The use of continuous monitoring (30 min) to examine systemic differences in vascular health is unique and a strength of the current study as is the inclusion of both high and low pressure glaucoma patients to elicit differences in risk profiles. Conversely, a limitation is the absence of a direct ocular blood flow modality such as optical coherence angiography, which may have shown how these systemic vascular disturbances influence perfusion to the retina and optic nerve head.
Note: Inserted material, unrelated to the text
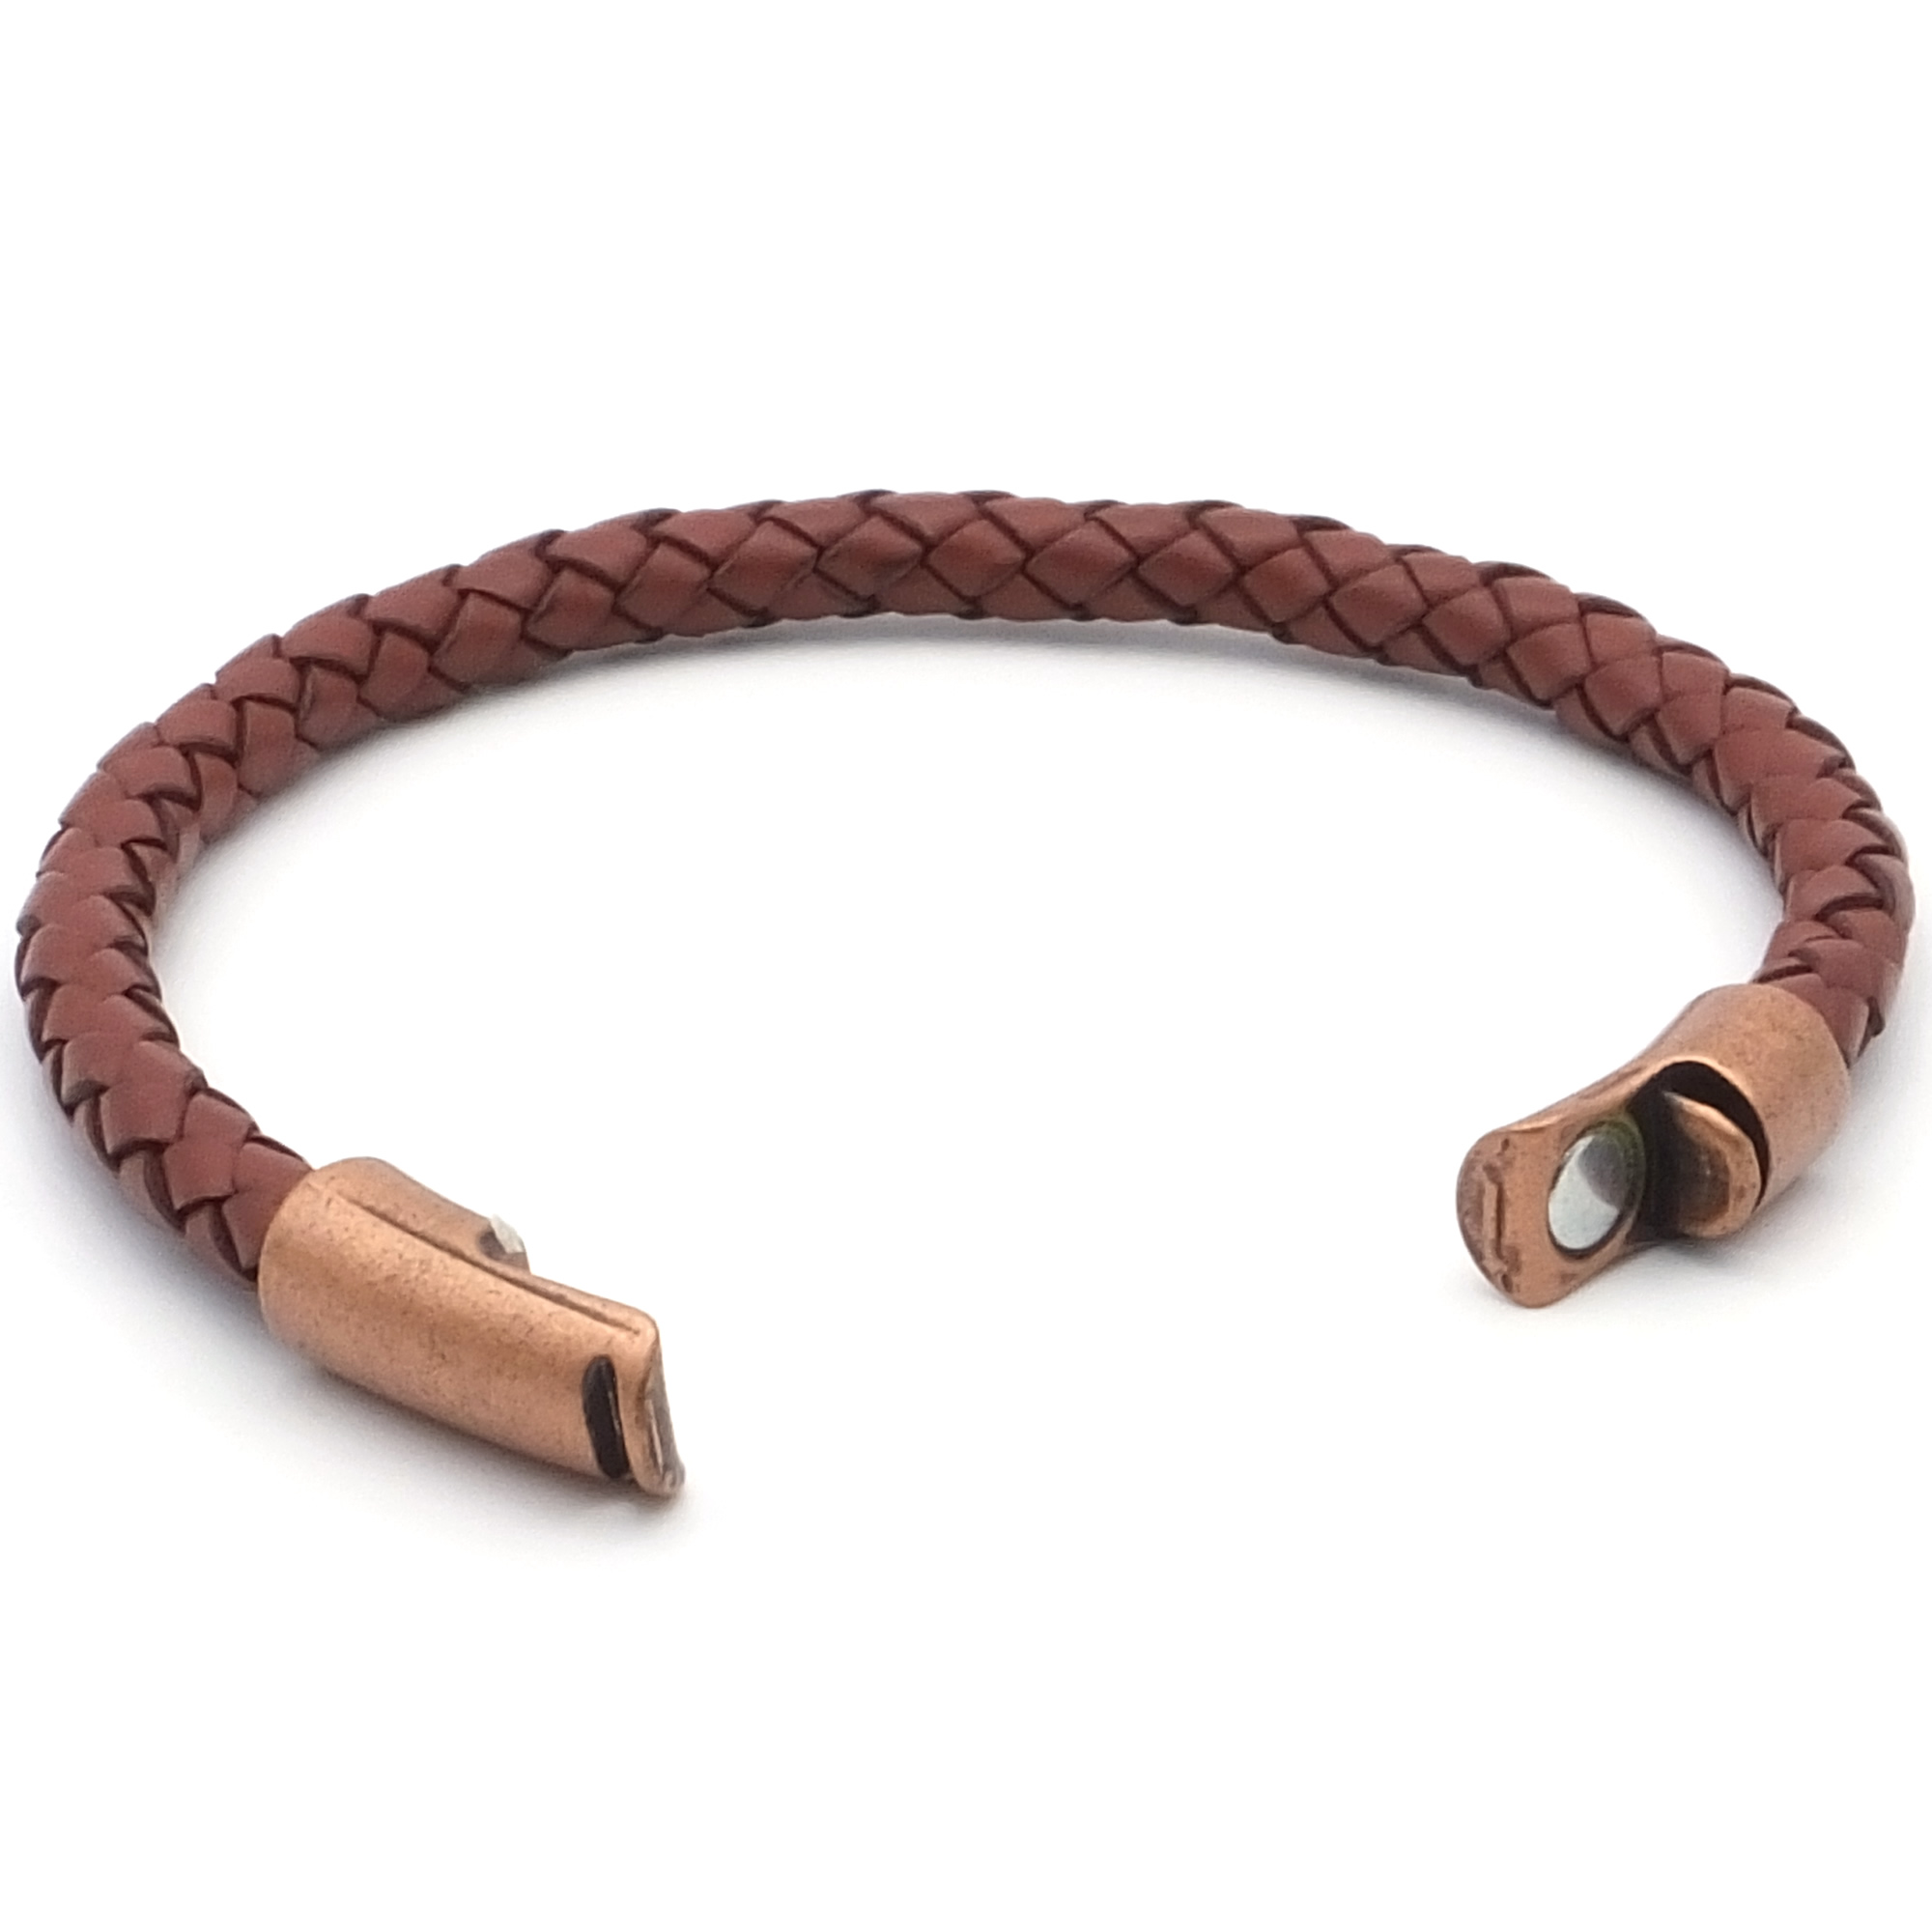 Arizona Leather Bracelet with Magnetic Antique Copper Clasp

It is also important to acknowledge that these physiological parameters significantly vary over a 24-hour period with postural and diurnal variation unaccounted for in the current study.
Our understanding of glaucoma and vascular involvement in the disease process continues to evolve. Moving forward, the inclusion of novel biomarkers to understand overall glaucoma risk, especially if possible through non-invasive monitoring of vascular health, may provide improvements to individual diagnosis, disease management, and vision preservation.